◆ YOUR GOAL
With the exception of the pictures, write out the data below precisely.

◆ COLLECTED MATERIAL
━━━━━━

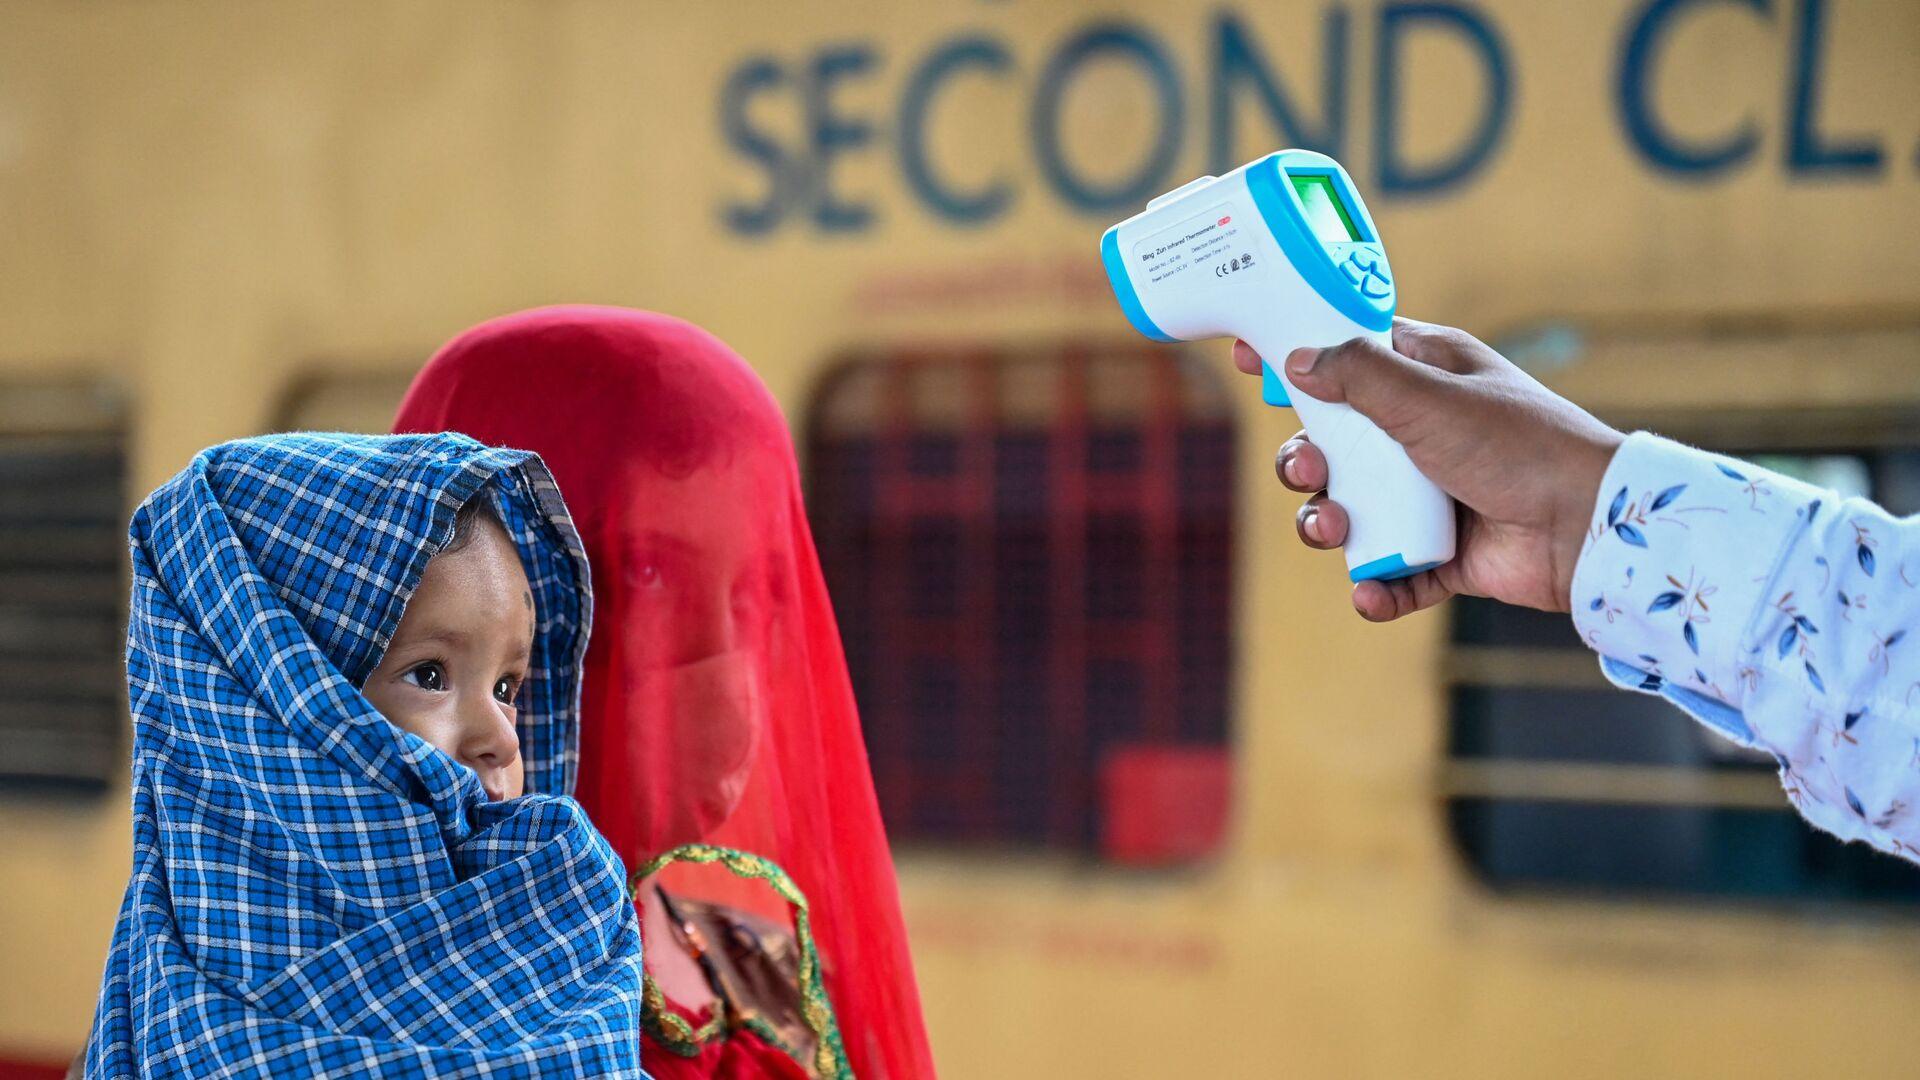 Медицинский работник проверяет температуру тела ребенка во время скрининга на коронавирус Covid-19 в Мумбаи - Sputnik Česká republika, 1920, 20.06.2021
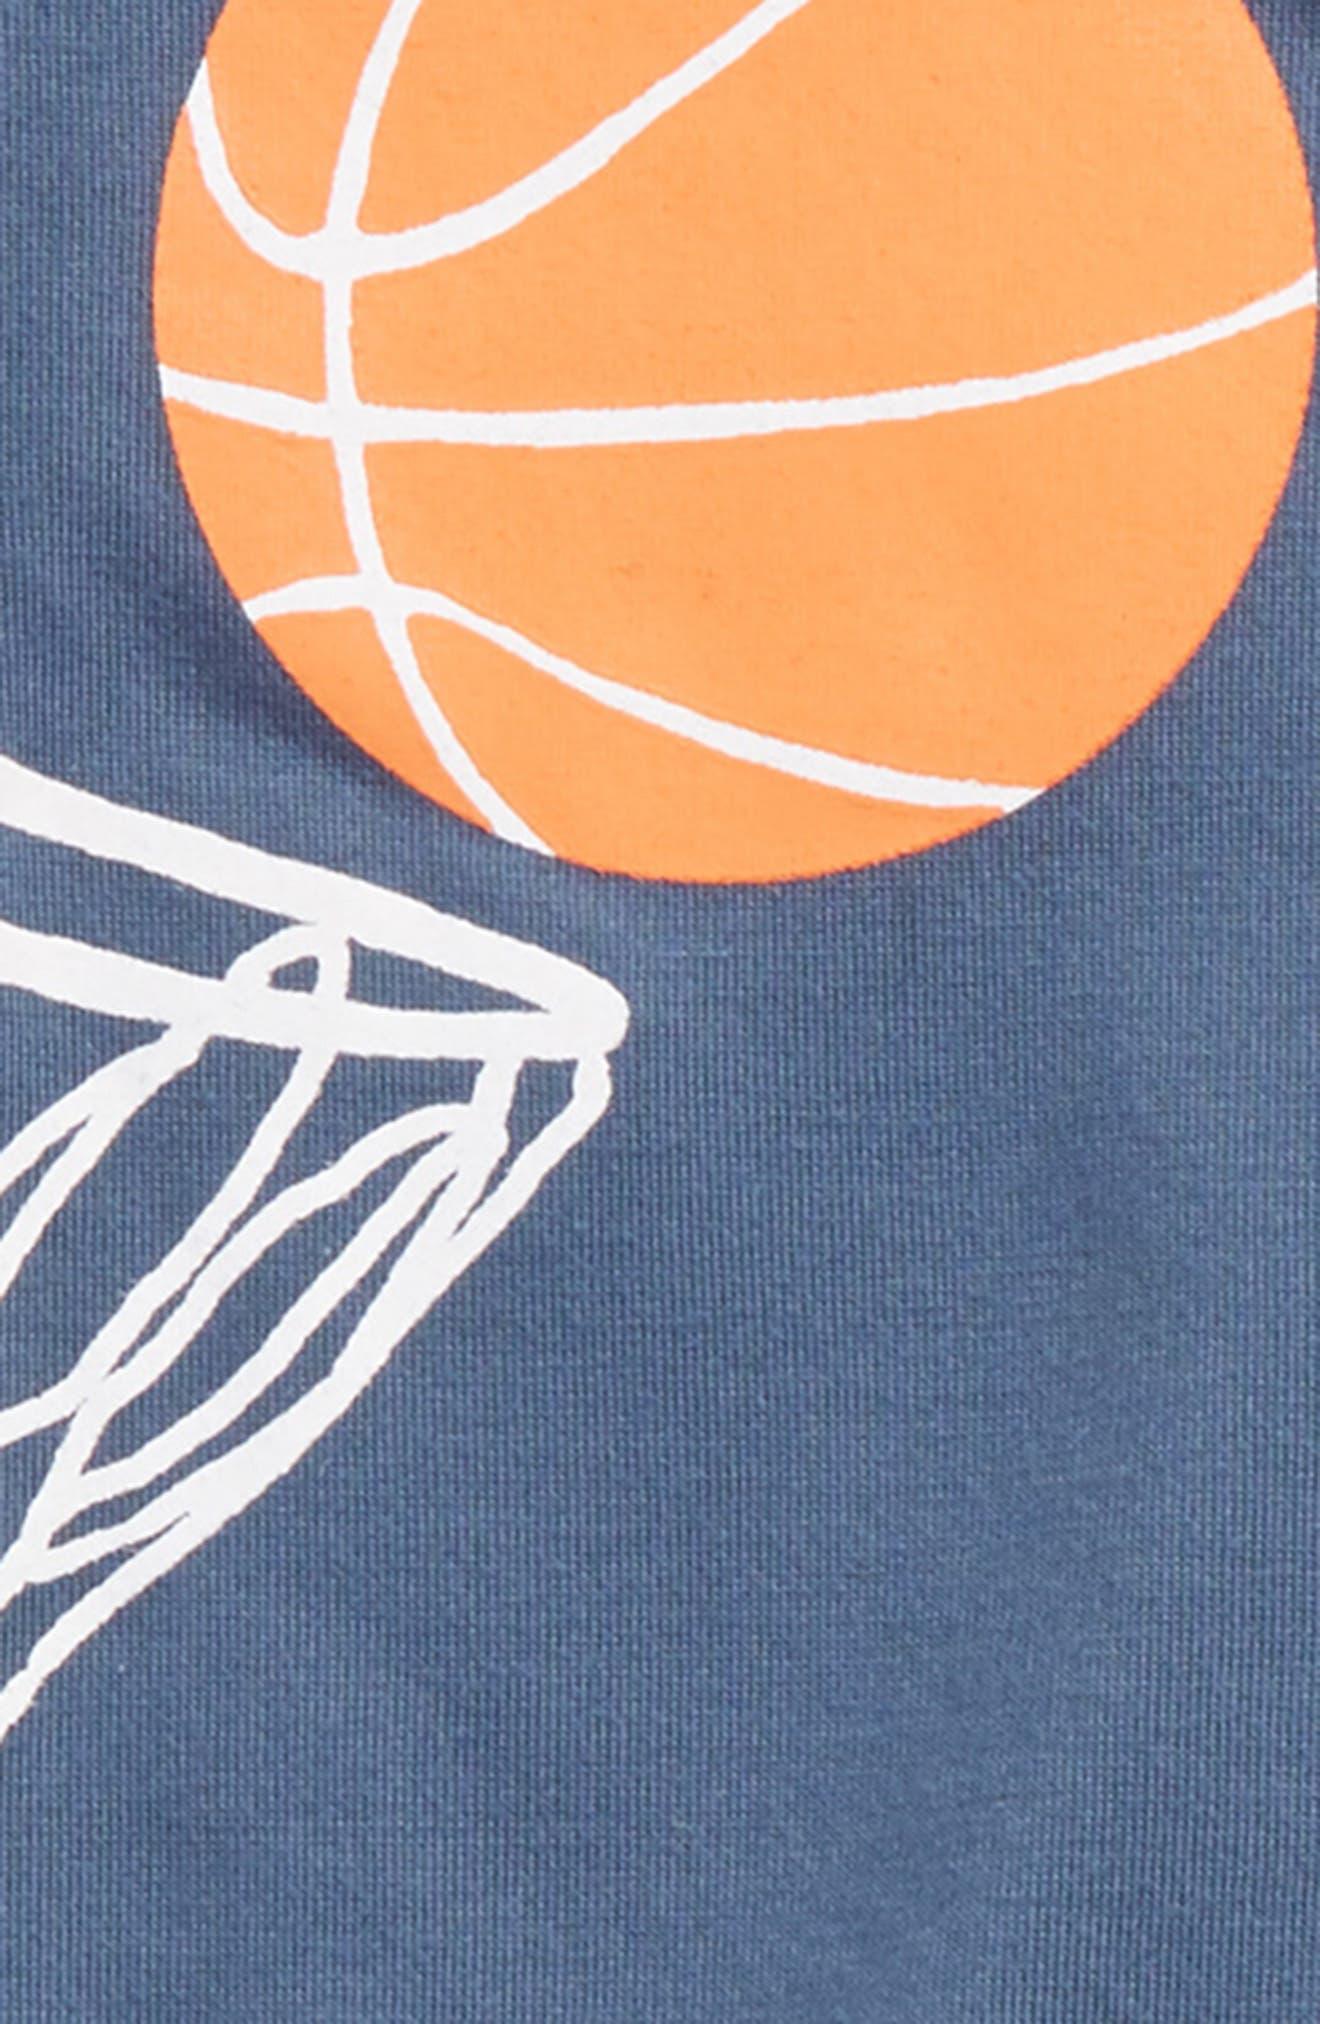 Yum Yum Two-Piece Pajamas,                             Alternate thumbnail 3, color,                             Blue Vintage Basket Swish
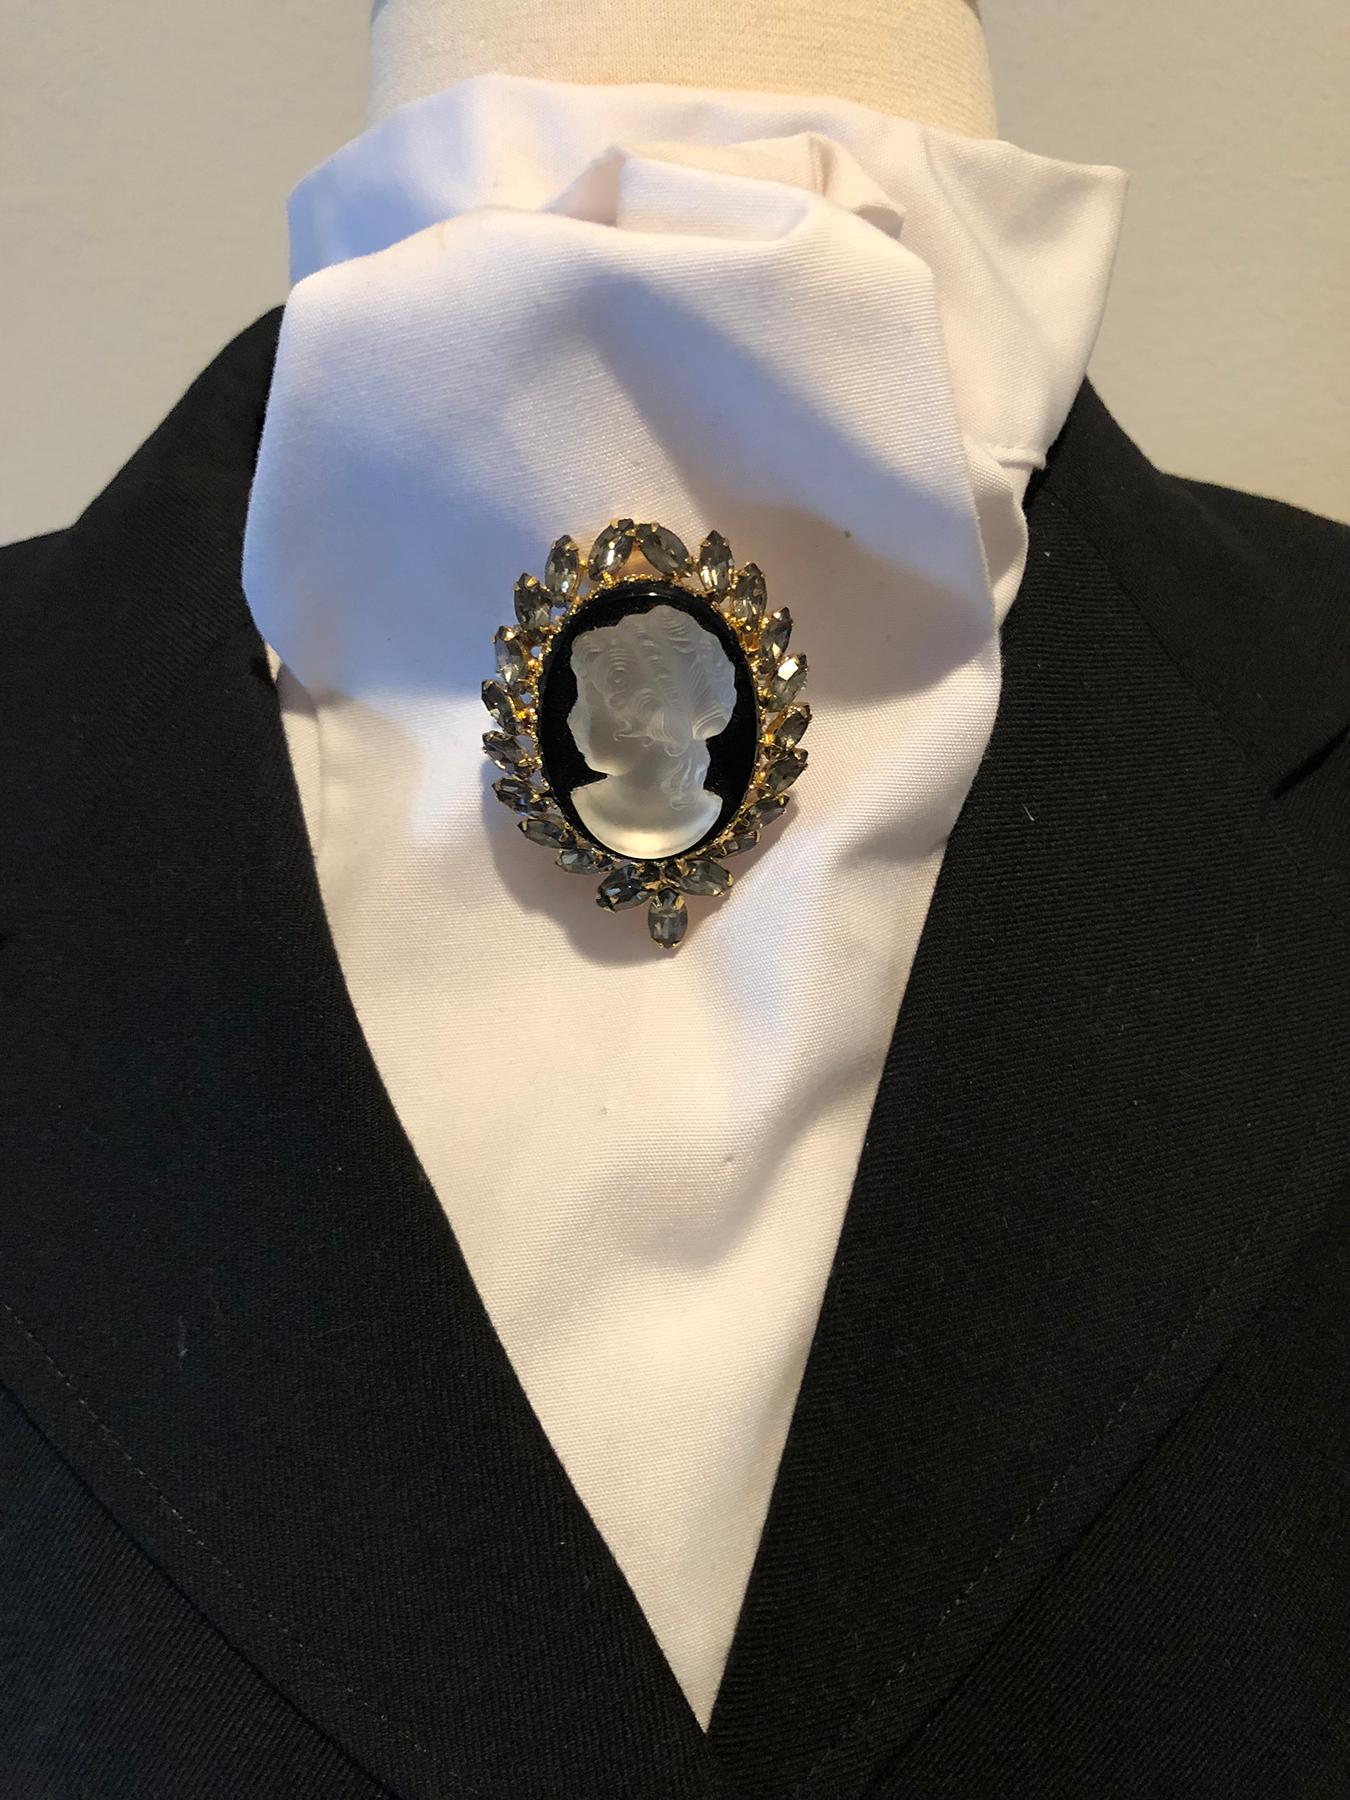 Dressage stock tie pin

━━━━━━

◆ OUTPUT OF THE EXERCISE
 Медицинский работник проверяет температуру тела ребенка во время скрининга на коронавирус Covid-19 в Мумбаи - Sputnik Česká republika, 1920, 20.06.2021
 Yum Yum Two-Piece Pajamas,                             Alternate thumbnail 3, color,                             Blue Vintage Basket Swish
 Dressage stock tie pin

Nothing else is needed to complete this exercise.